例如,使用 os 和 glob 模块:

import glob, os

def rename(dir, pattern, titlePattern):
    for pathAndFilename in glob.iglob(os.path.join(dir, pattern)):
        title, ext = os.path.splitext(os.path.basename(pathAndFilename))
        os.rename(pathAndFilename, 
                  os.path.join(dir, titlePattern % title + ext))

然后您可以在示例中使用它,如下所示:

rename(r'c:\temp\xx', r'*.doc', r'new(%s)')

上面的示例将转换所有 *.doc 文件在 c:\temp\xx 迪尔 new(%s).doc 在哪里 %s 是文件的前一个基名称(不带扩展名)。

我更喜欢为我必须做的每个替换编写一个小的一行程序,而不是生成一个更通用和复杂的代码。例如。:

这将用当前目录中任何非隐藏文件中的连字符替换所有下划线

import os
[os.rename(f, f.replace('_', '-')) for f in os.listdir('.') if not f.startswith('.')]

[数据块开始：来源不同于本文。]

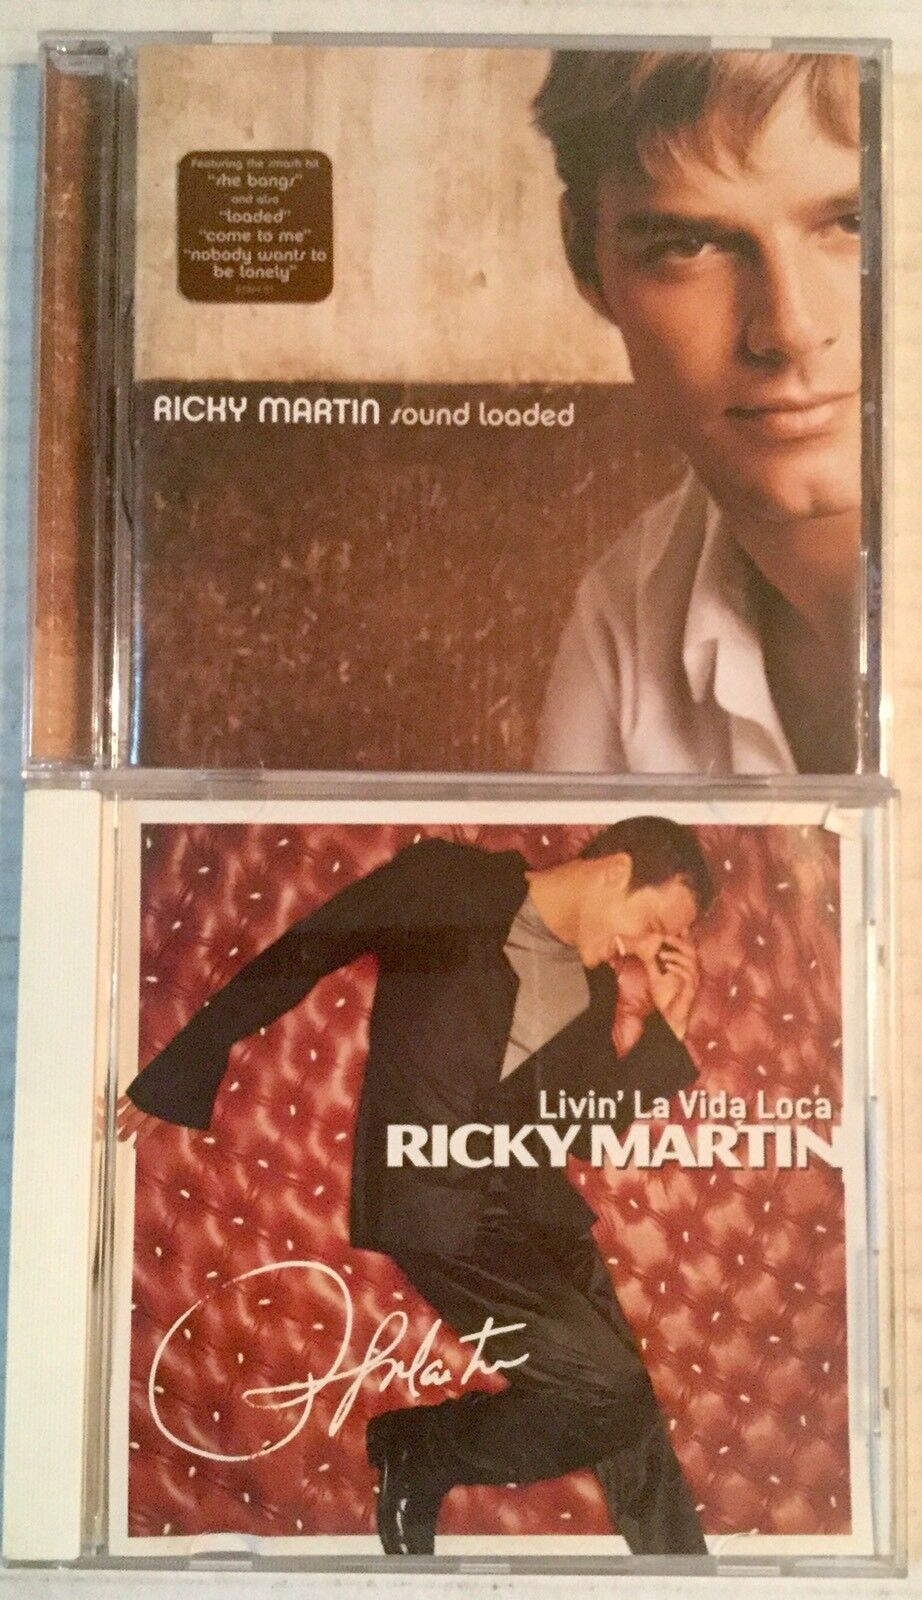 Ricky Martin 2 CD Lot Livin’  La Vida Loca  Sound Loaded

如果您不介意使用正则表达式,那么此函数将为您提供重命名文件的强大功能:

import re, glob, os

def renamer(files, pattern, replacement):
    for pathname in glob.glob(files):
        basename= os.path.basename(pathname)
        new_filename= re.sub(pattern, replacement, basename)
        if new_filename != basename:
            os.rename(
              pathname,
              os.path.join(os.path.dirname(pathname), new_filename))

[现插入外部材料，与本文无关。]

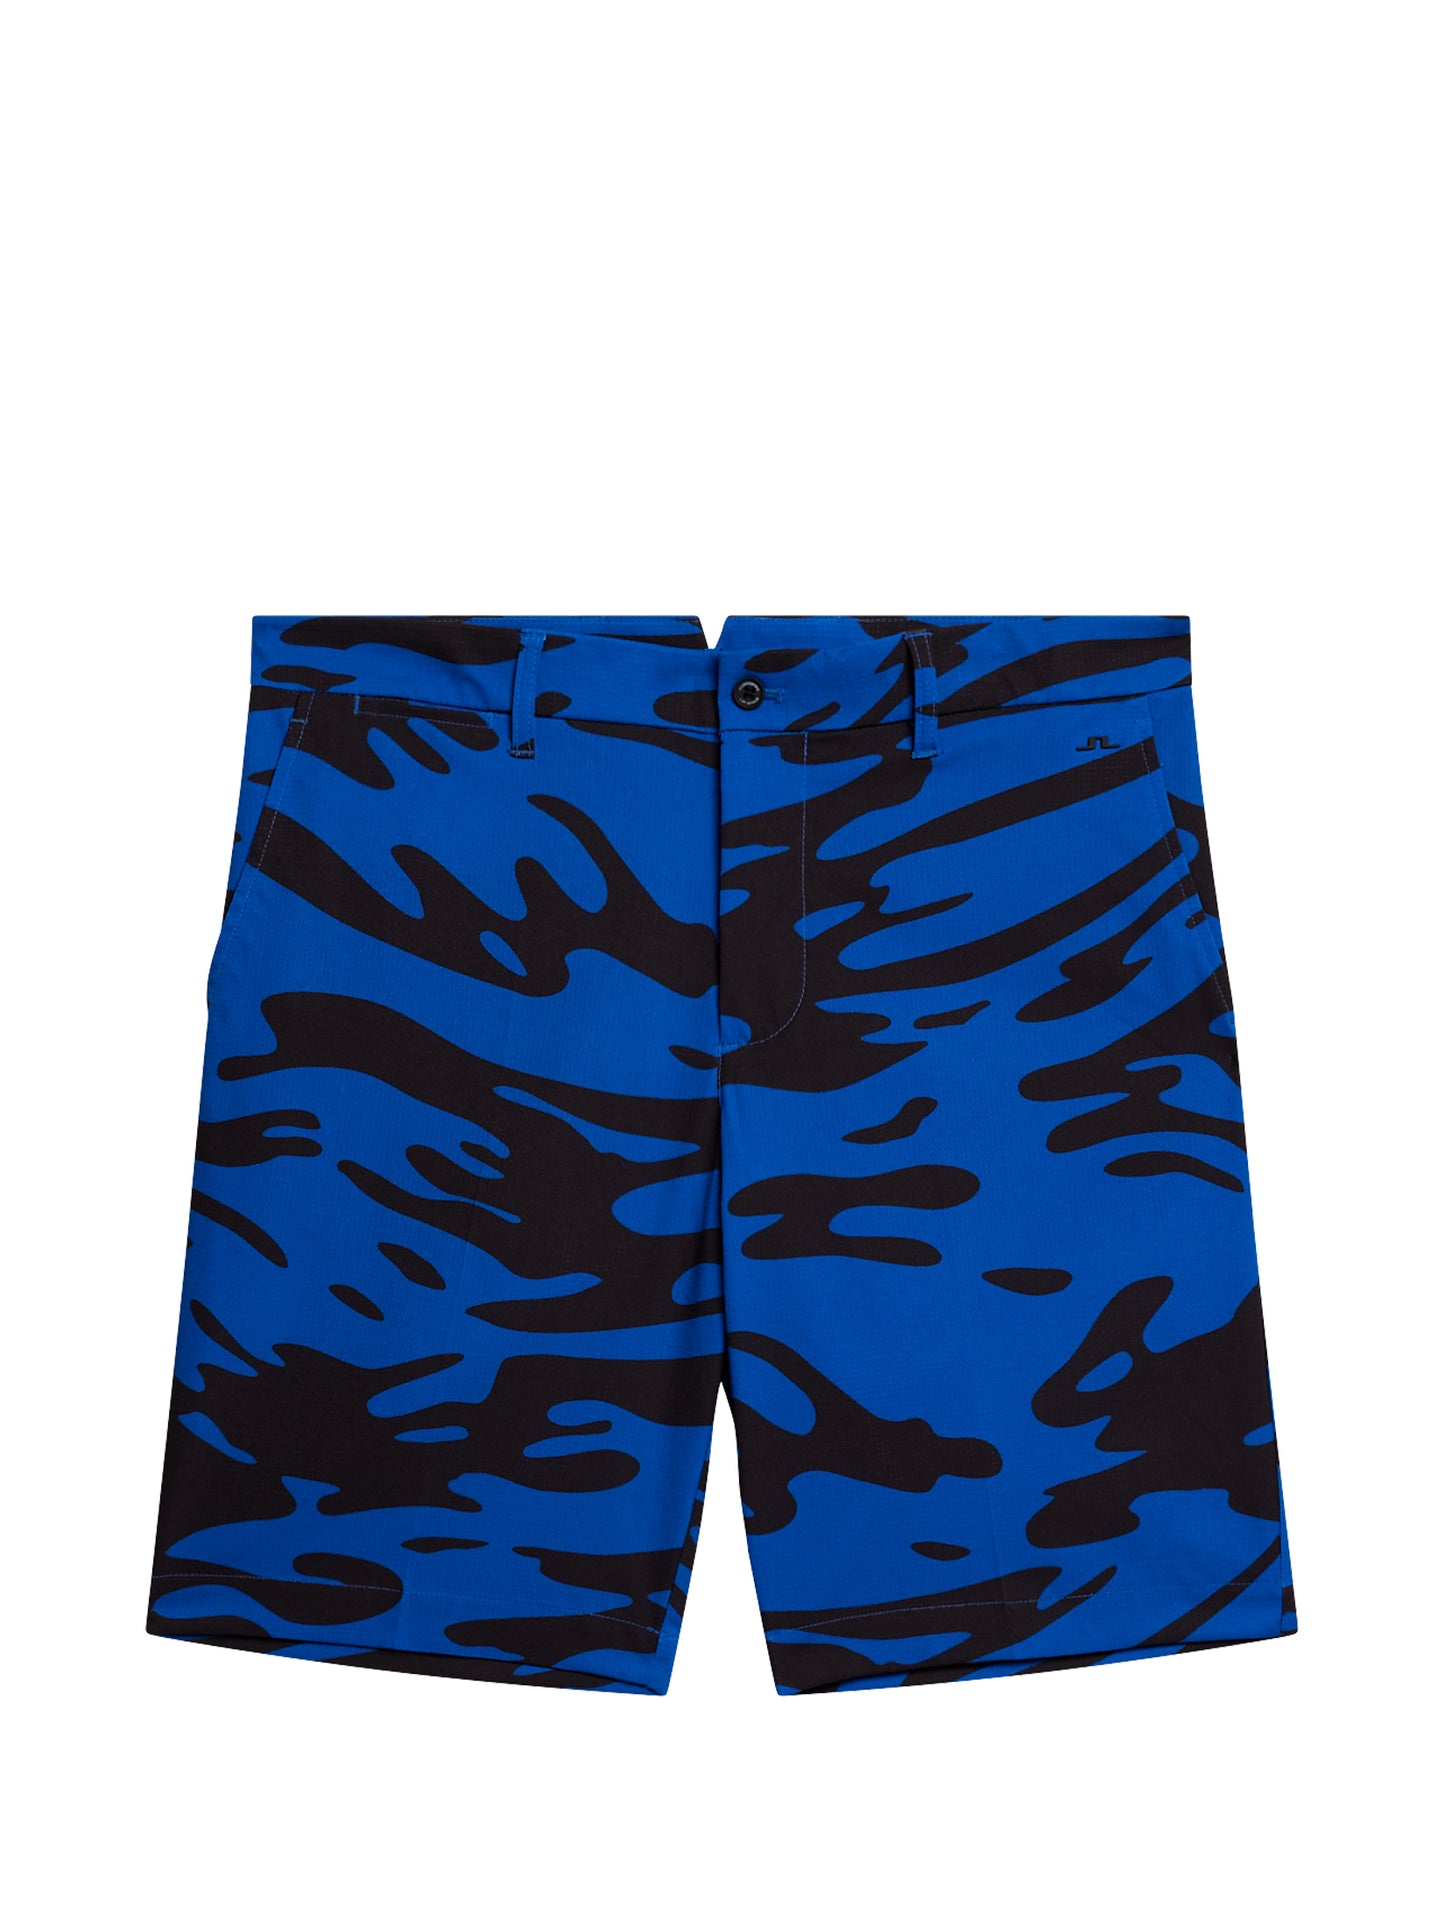 Tim Print Shorts / Neptune Nautical Blue

因此,在您的示例中,您可以这样做(假设文件所在的目录为当前目录):

renamer("*.doc", r"^(.*)\.doc$", r"new(\1).doc")

但也可以回滚到初始文件名:

renamer("*.doc", r"^new\((.*)\)\.doc", r"\1.doc")

还有更多。

我可以简单地重命名文件夹子文件夹中的所有文件

import os

def replace(fpath, old_str, new_str):
    for path, subdirs, files in os.walk(fpath):
        for name in files:
            if(old_str.lower() in name.lower()):
                os.rename(os.path.join(path,name), os.path.join(path,
                                            name.lower().replace(old_str,new_str)))

我正在用任何一种情况来代替旧的情况。

尝试: http://www.mattweber.org/2007/03/04/python-script-renamepy/

我喜欢我的音乐、电影和 以某种方式命名的图片文件。 当我从 互联网,他们通常不遵循我的 命名约定。我发现了我自己 手动重命名每个文件以适应我的 风格。这真是太快了,所以我 决定写一个程序来做这件事 为了我。

这个程序可以转换文件名 全部小写,替换中的字符串 文件名随你的需要, 并从中删除任意数量的字符 文件名的前面或后面。

程序的源代码也可用。

我自己写了一个python脚本。它将文件所在目录的路径和要使用的命名模式作为参数。但是,它通过将一个递增的数字(1、2、3等)附加到您提供的命名模式来重命名。

import os
import sys

# checking whether path and filename are given.
if len(sys.argv) != 3:
    print "Usage : python rename.py <path> <new_name.extension>"
    sys.exit()

# splitting name and extension.
name = sys.argv[2].split('.')
if len(name) < 2:
    name.append('')
else:
    name[1] = ".%s" %name[1]

# to name starting from 1 to number_of_files.
count = 1

# creating a new folder in which the renamed files will be stored.
s = "%s/pic_folder" % sys.argv[1]
try:
    os.mkdir(s)
except OSError:
    # if pic_folder is already present, use it.
    pass

try:
    for x in os.walk(sys.argv[1]):
        for y in x[2]:
            # creating the rename pattern.
            s = "%spic_folder/%s%s%s" %(x[0], name[0], count, name[1])
            # getting the original path of the file to be renamed.
            z = os.path.join(x[0],y)
            # renaming.
            os.rename(z, s)
            # incrementing the count.
            count = count + 1
except OSError:
    pass

希望这对你有用。

directoryName = "Photographs"
filePath = os.path.abspath(directoryName)
filePathWithSlash = filePath + "\\"

for counter, filename in enumerate(os.listdir(directoryName)):

    filenameWithPath = os.path.join(filePathWithSlash, filename)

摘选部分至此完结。